Task objective: Every line of the data should be written out exactly, with the pictures left out.

Dataset records:
BEGIN

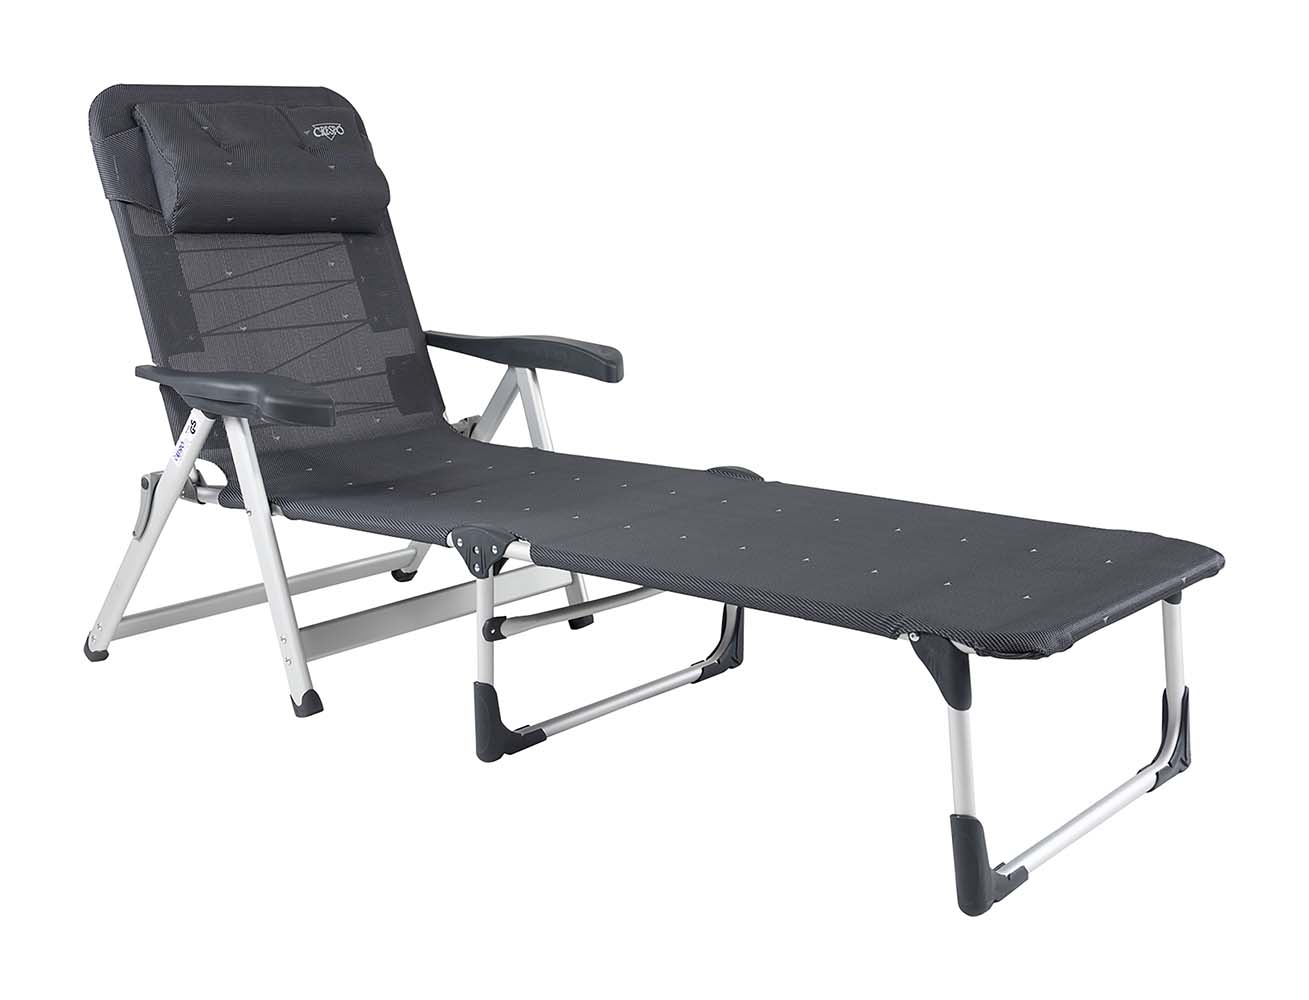 1148350 Very comfortable chair and lounger. Anodised aluminium H-shaped frame manufactured from oval tubes for extra stability and sturdiness. Backrest adjustable in seven positions. Ideal for use at the camp site and in the garden. Dimensions: length 195cm, width 54cm and sitting/reclining height 29cm. Folded up: length 87cm, width 68cm and height 19cm. Weight: 5.3kg, maximum load-bearing capacity: 140kg. Colour: dark grey (40).
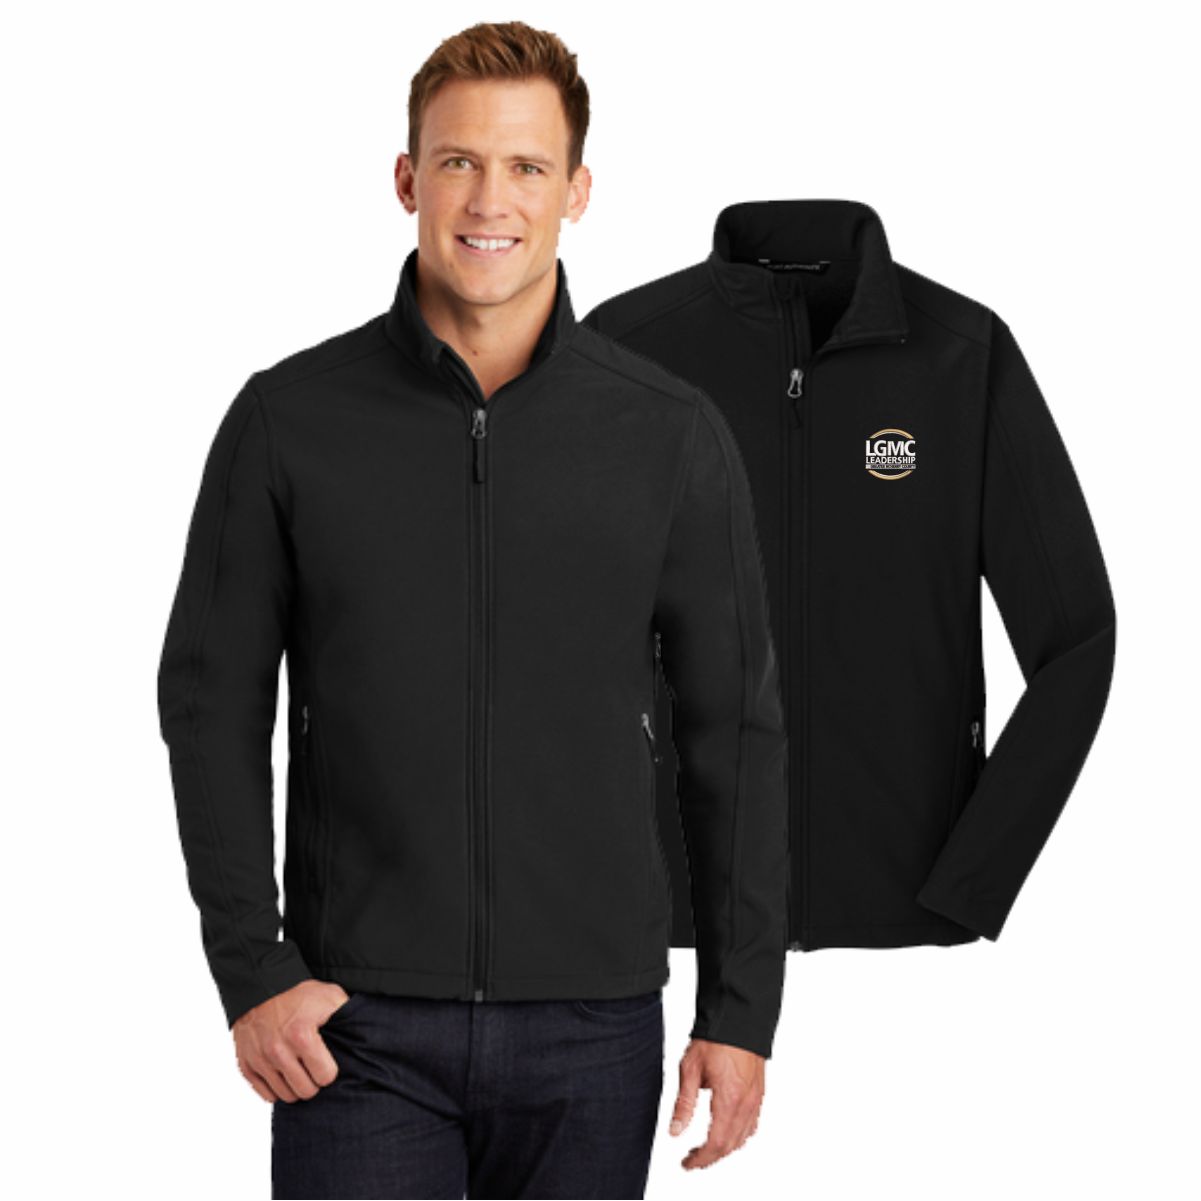 Leadership Greater McHenry County Core Soft Shell Jacket | HyperStitch, Inc
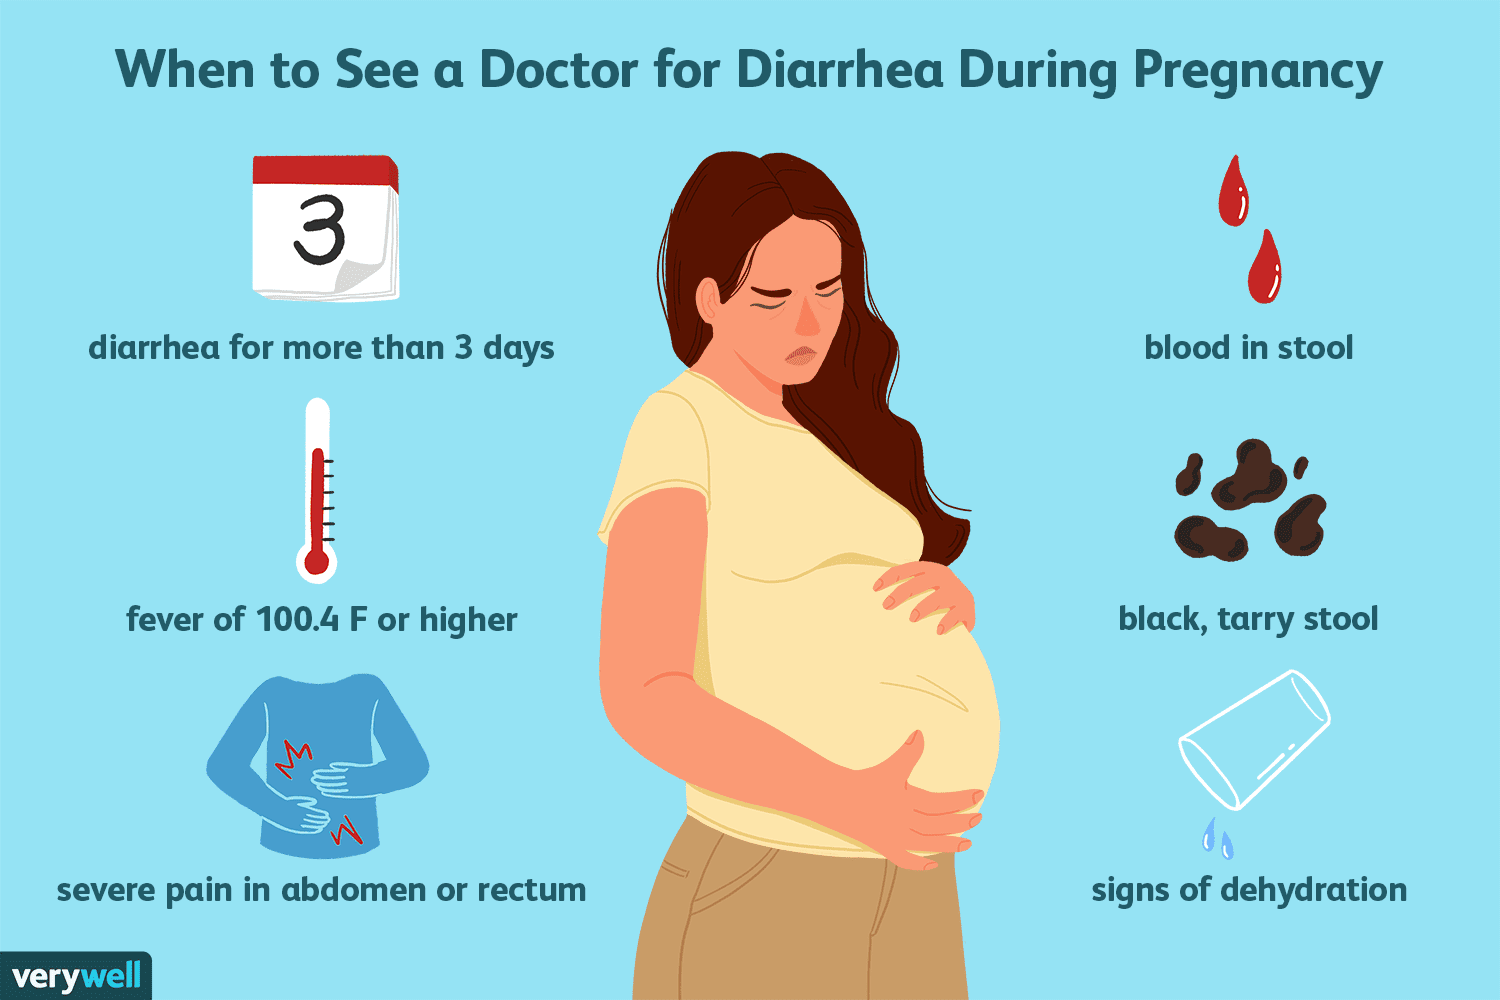 Can Diarrhea During Pregnancy Cause Miscarriage?
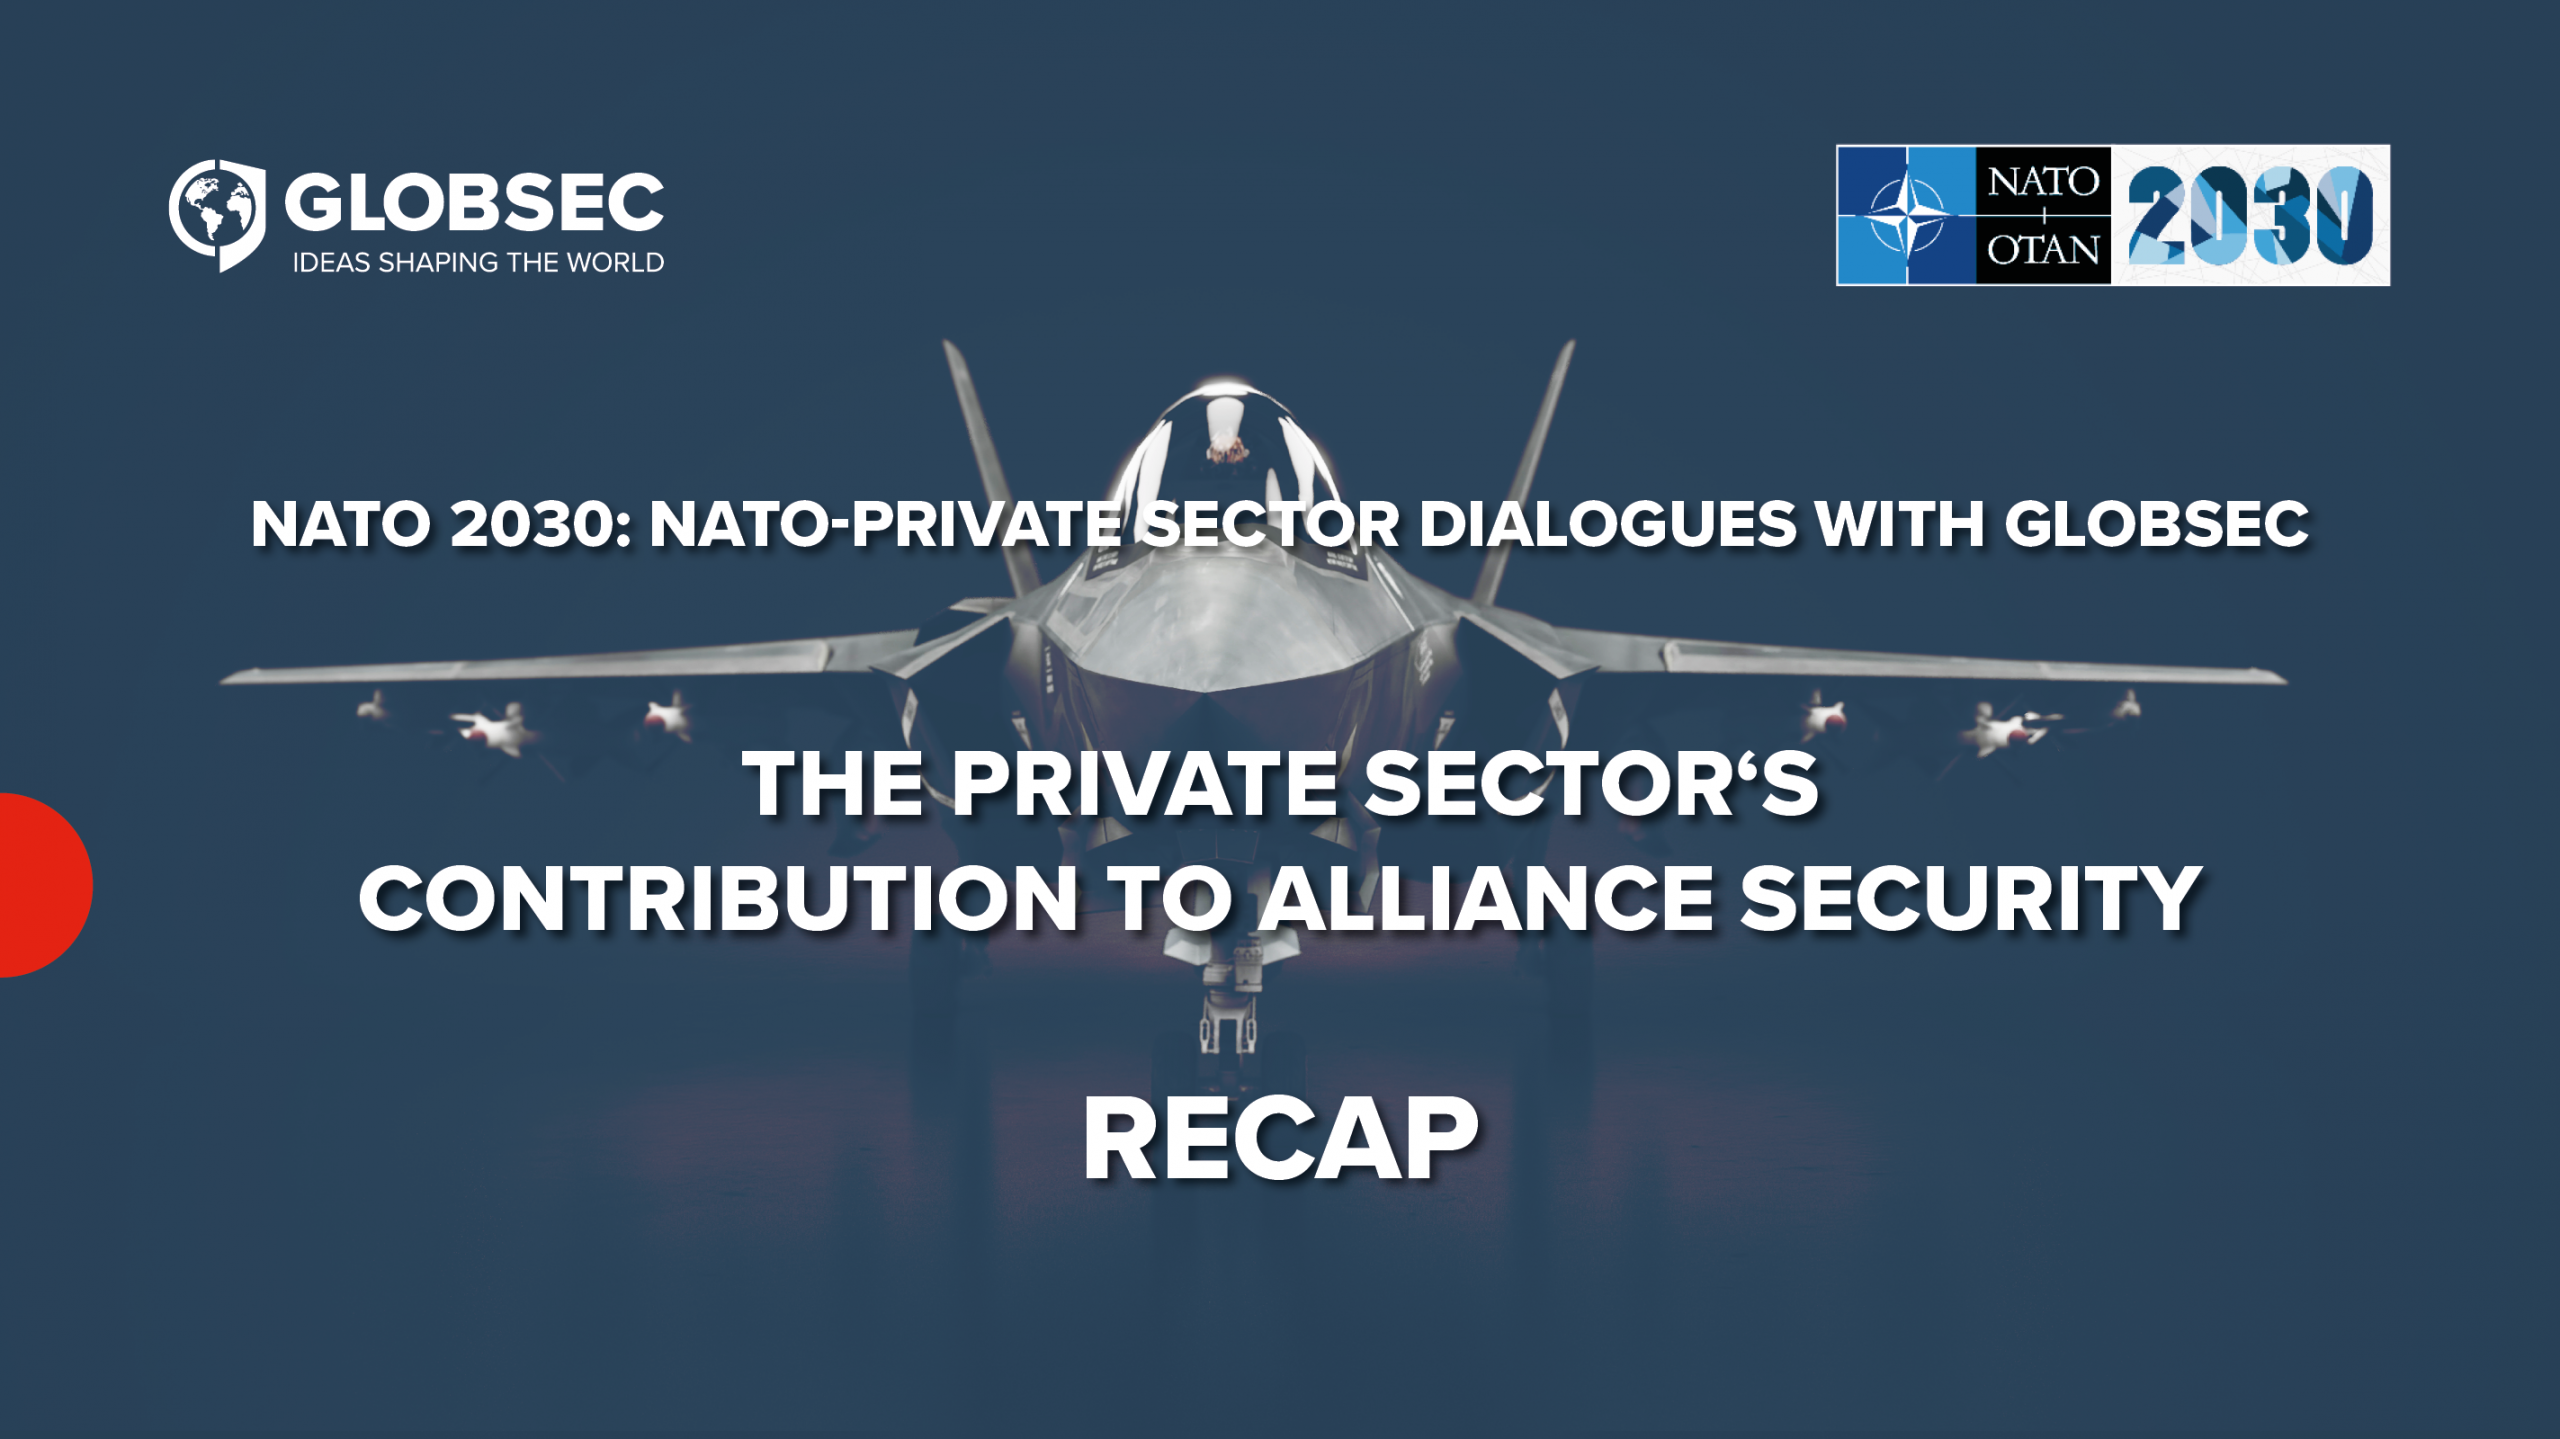 Recap: The Private Sector's Contribution to Alliance Security
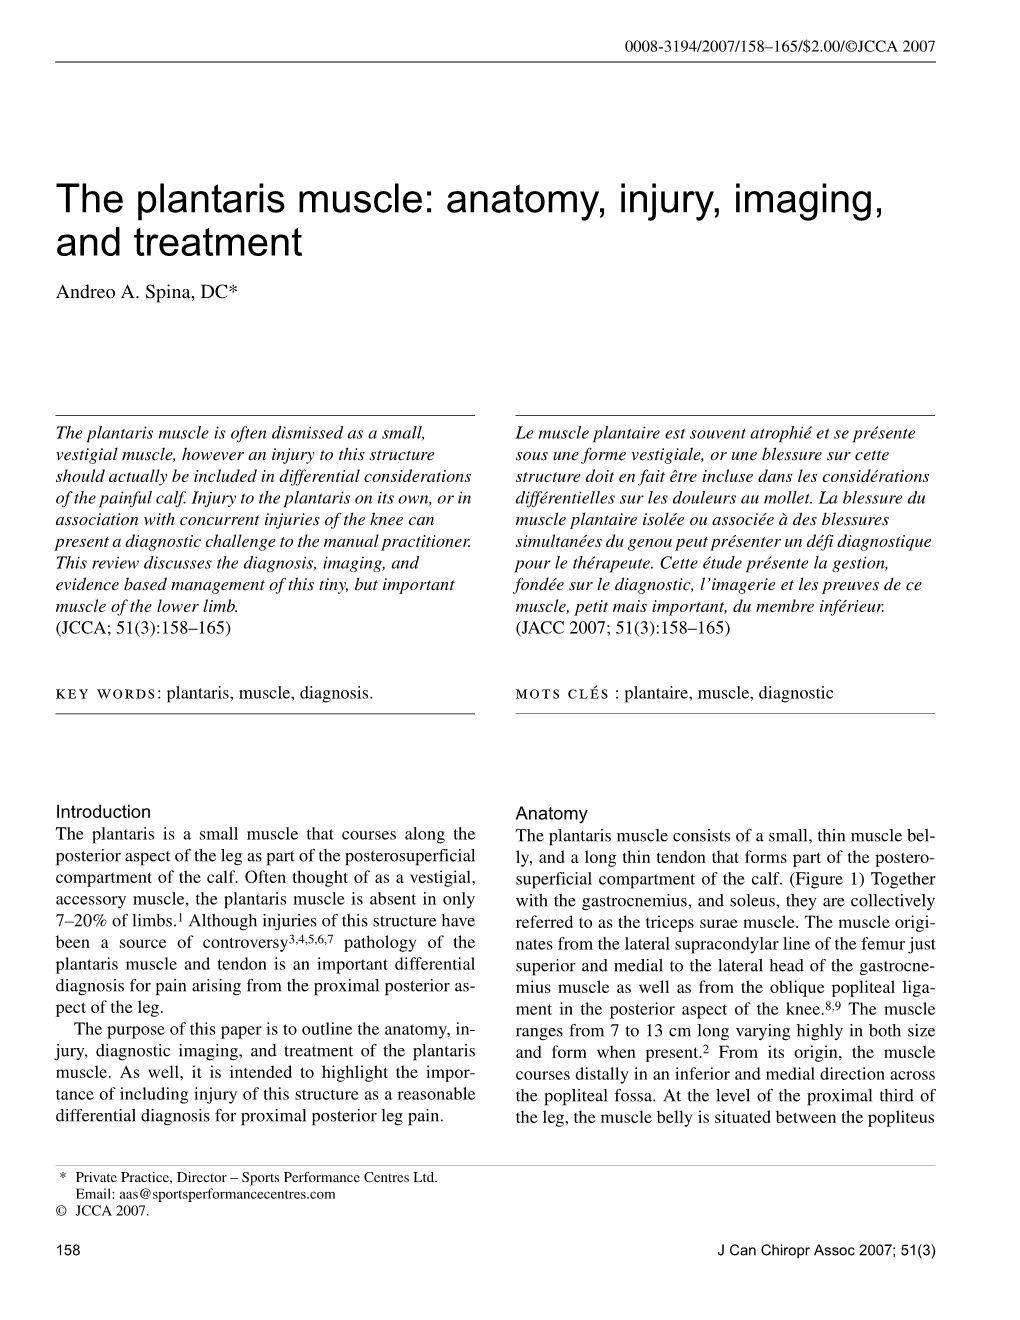 The Plantaris Muscle: Anatomy, Injury, Imaging, and Treatment Andreo A

END

Answer section:
 1148350 Very comfortable chair and lounger. Anodised aluminium H-shaped frame manufactured from oval tubes for extra stability and sturdiness. Backrest adjustable in seven positions. Ideal for use at the camp site and in the garden. Dimensions: length 195cm, width 54cm and sitting/reclining height 29cm. Folded up: length 87cm, width 68cm and height 19cm. Weight: 5.3kg, maximum load-bearing capacity: 140kg. Colour: dark grey (40).
 Leadership Greater McHenry County Core Soft Shell Jacket | HyperStitch, Inc
 Can Diarrhea During Pregnancy Cause Miscarriage?
 Recap: The Private Sector's Contribution to Alliance Security
 The Plantaris Muscle: Anatomy, Injury, Imaging, and Treatment Andreo A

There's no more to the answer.